▶ _Collected material_:
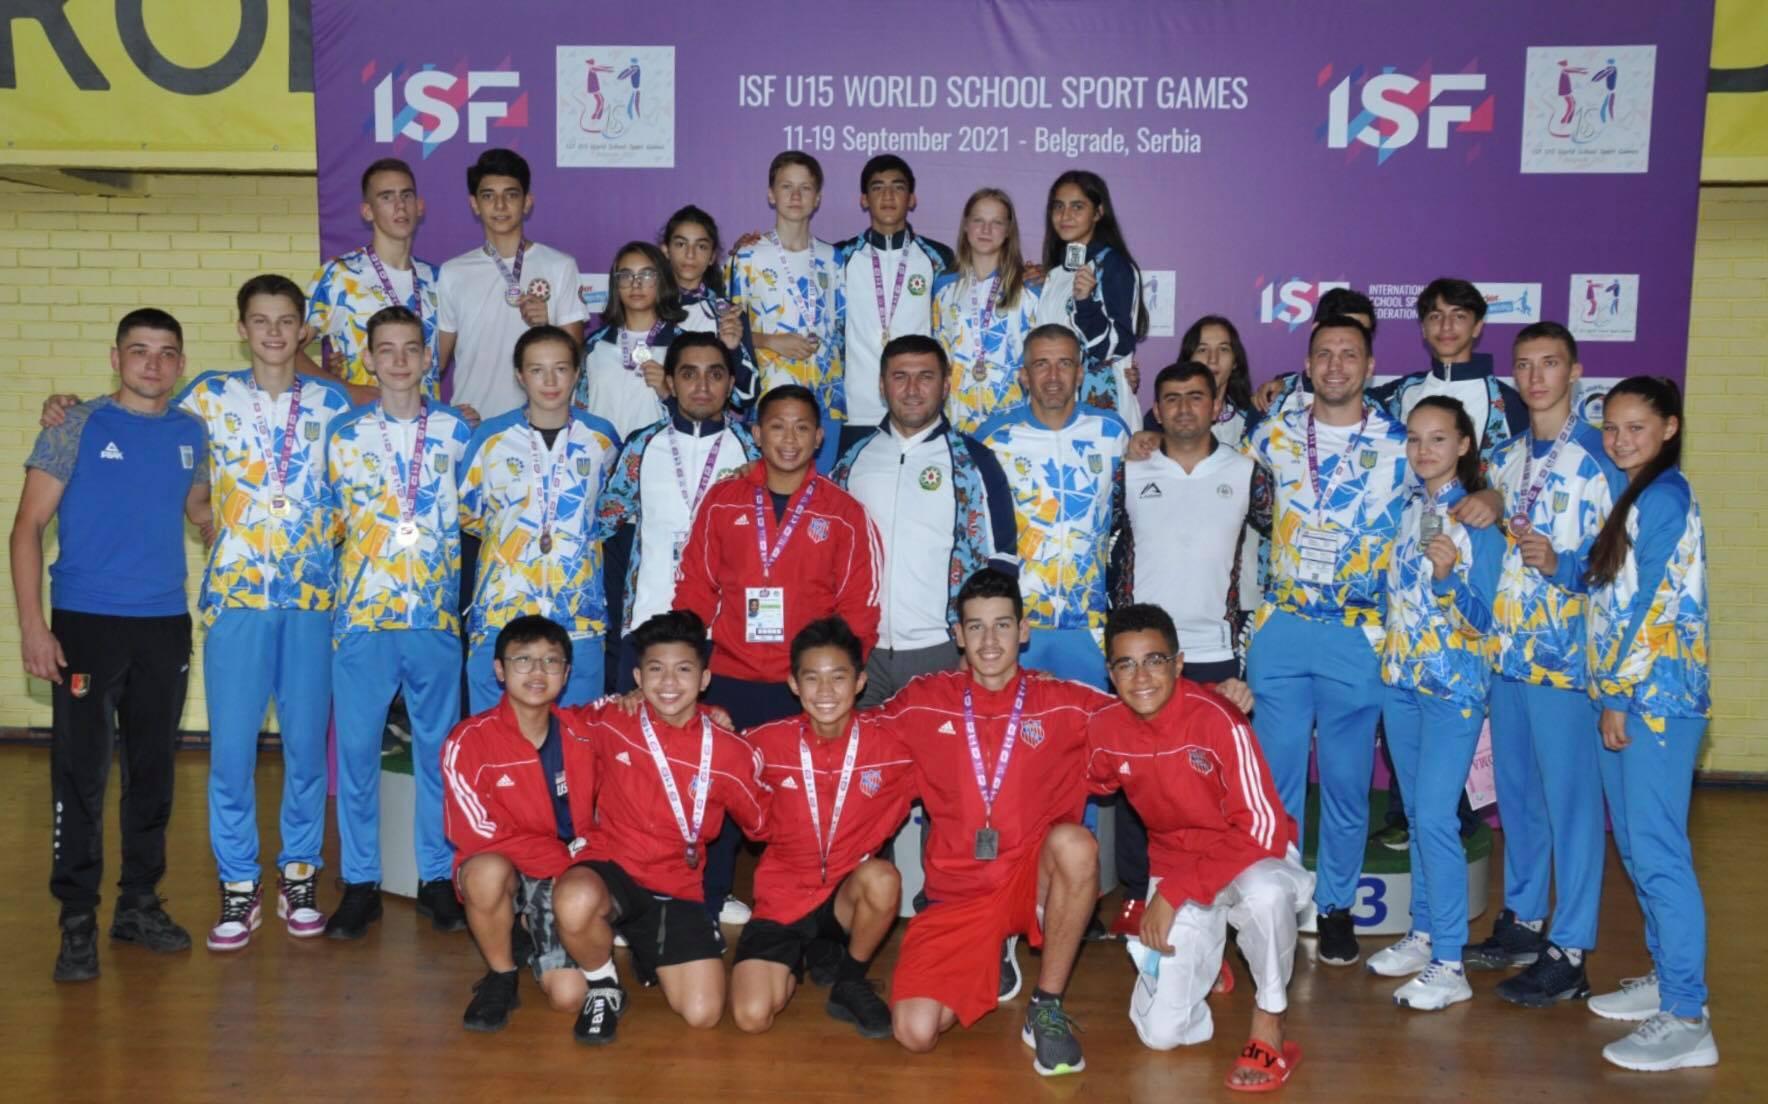 комітет з фізичного виховання та спорту МОН
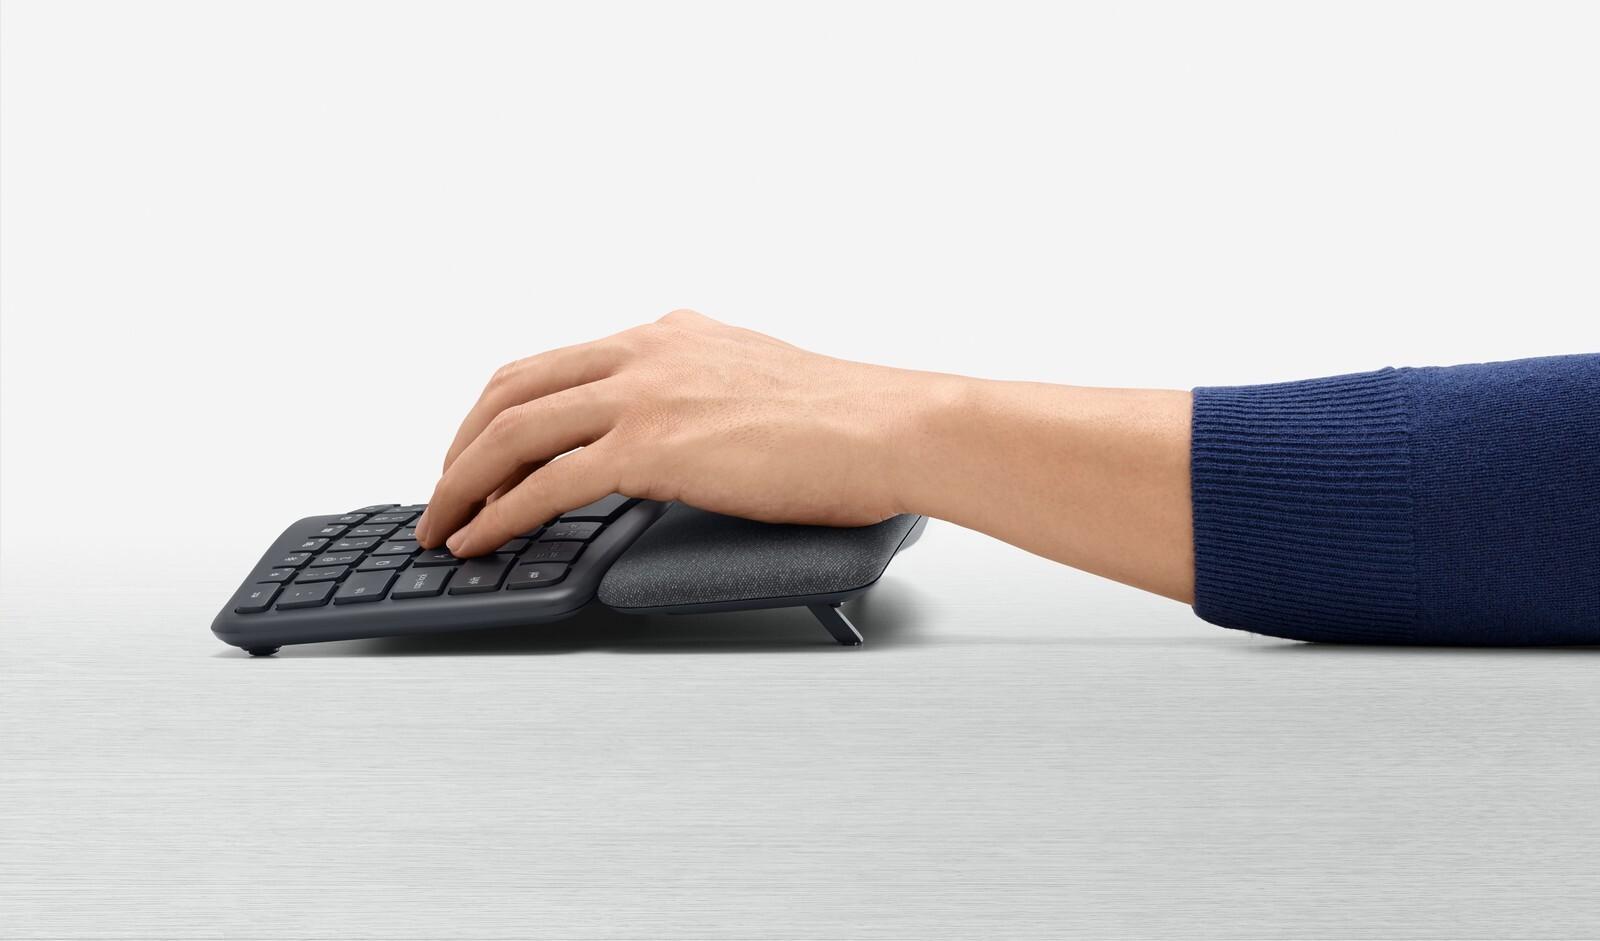 صورة Logitech تكشف عن لوحة مفاتيح K860 بتصميم مقسم لتجربة أفضل في الكتابة
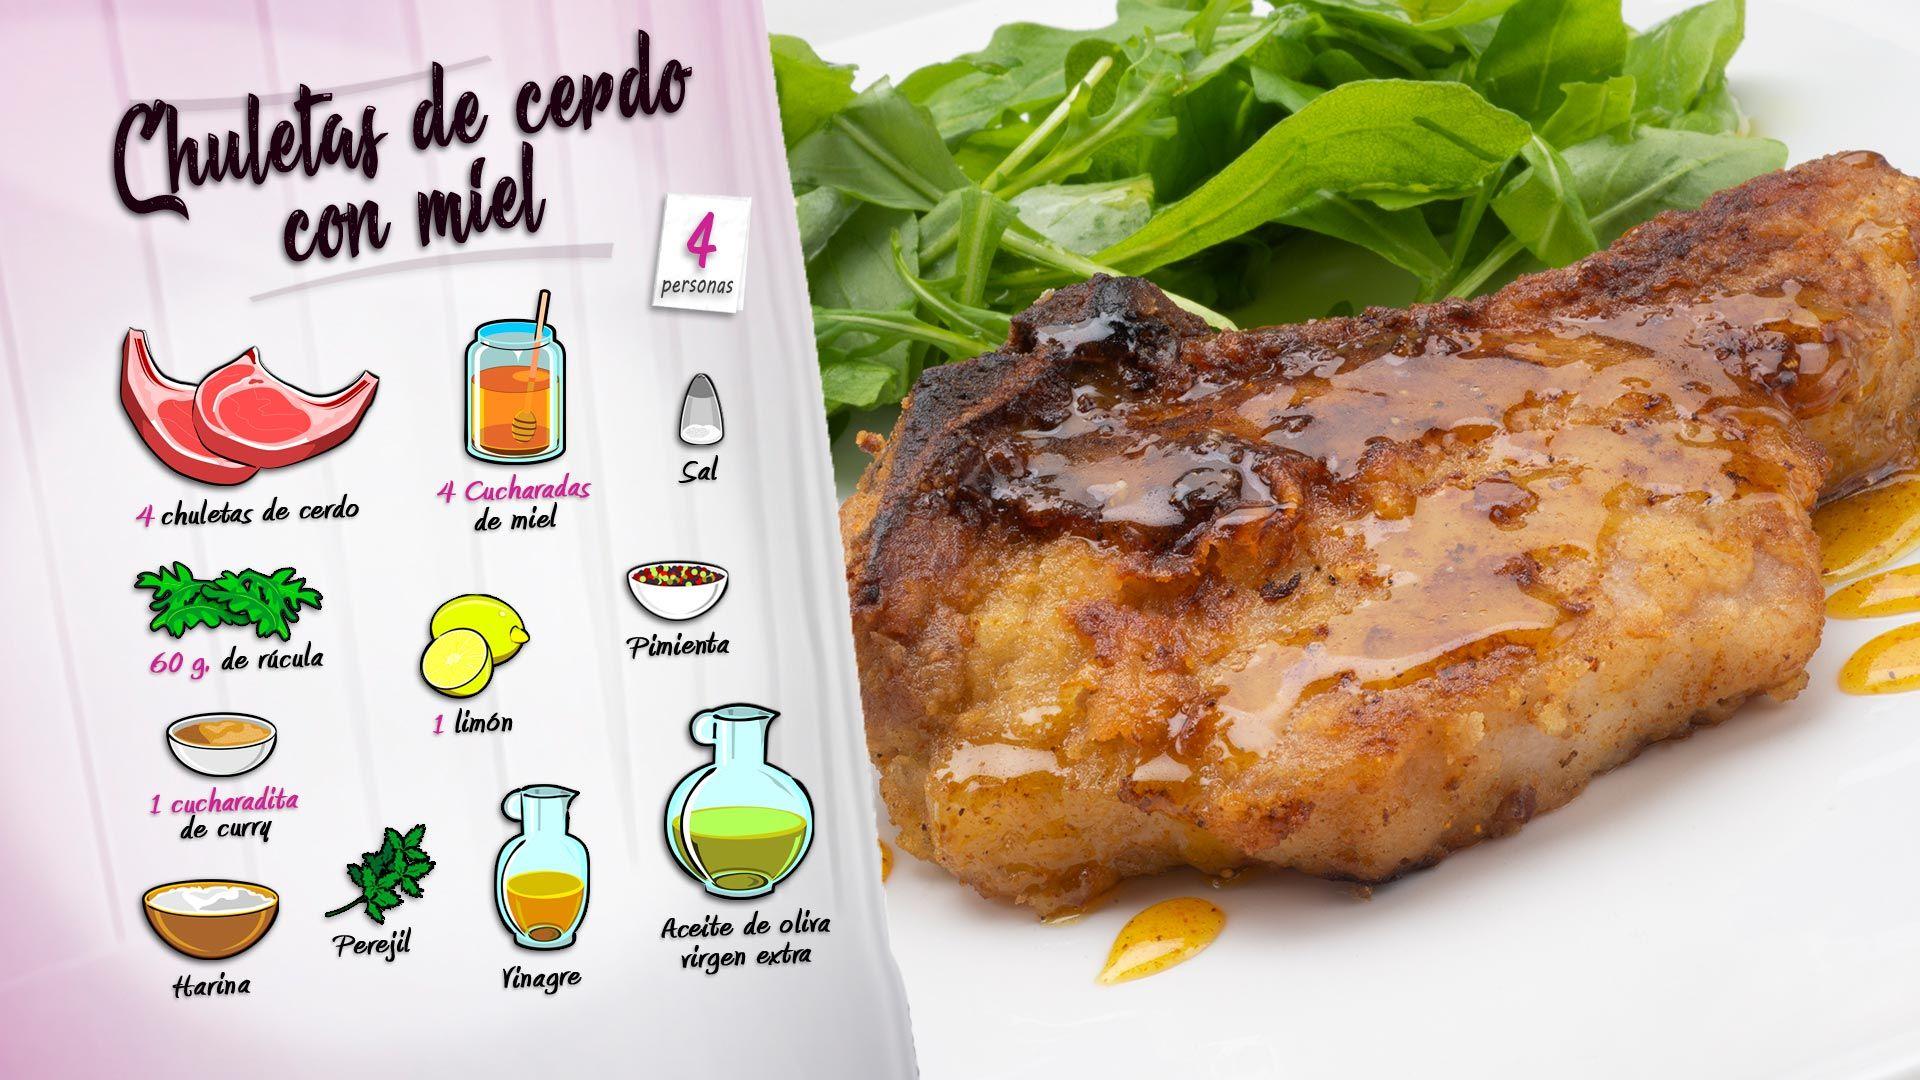 Chuletas de cerdo con miel

▶ _What you are asked to do_: Copy out the lines above in full and unaltered, apart from the pictures.

▶ _Task response_:
 комітет з фізичного виховання та спорту МОН
 صورة Logitech تكشف عن لوحة مفاتيح K860 بتصميم مقسم لتجربة أفضل في الكتابة
 Chuletas de cerdo con miel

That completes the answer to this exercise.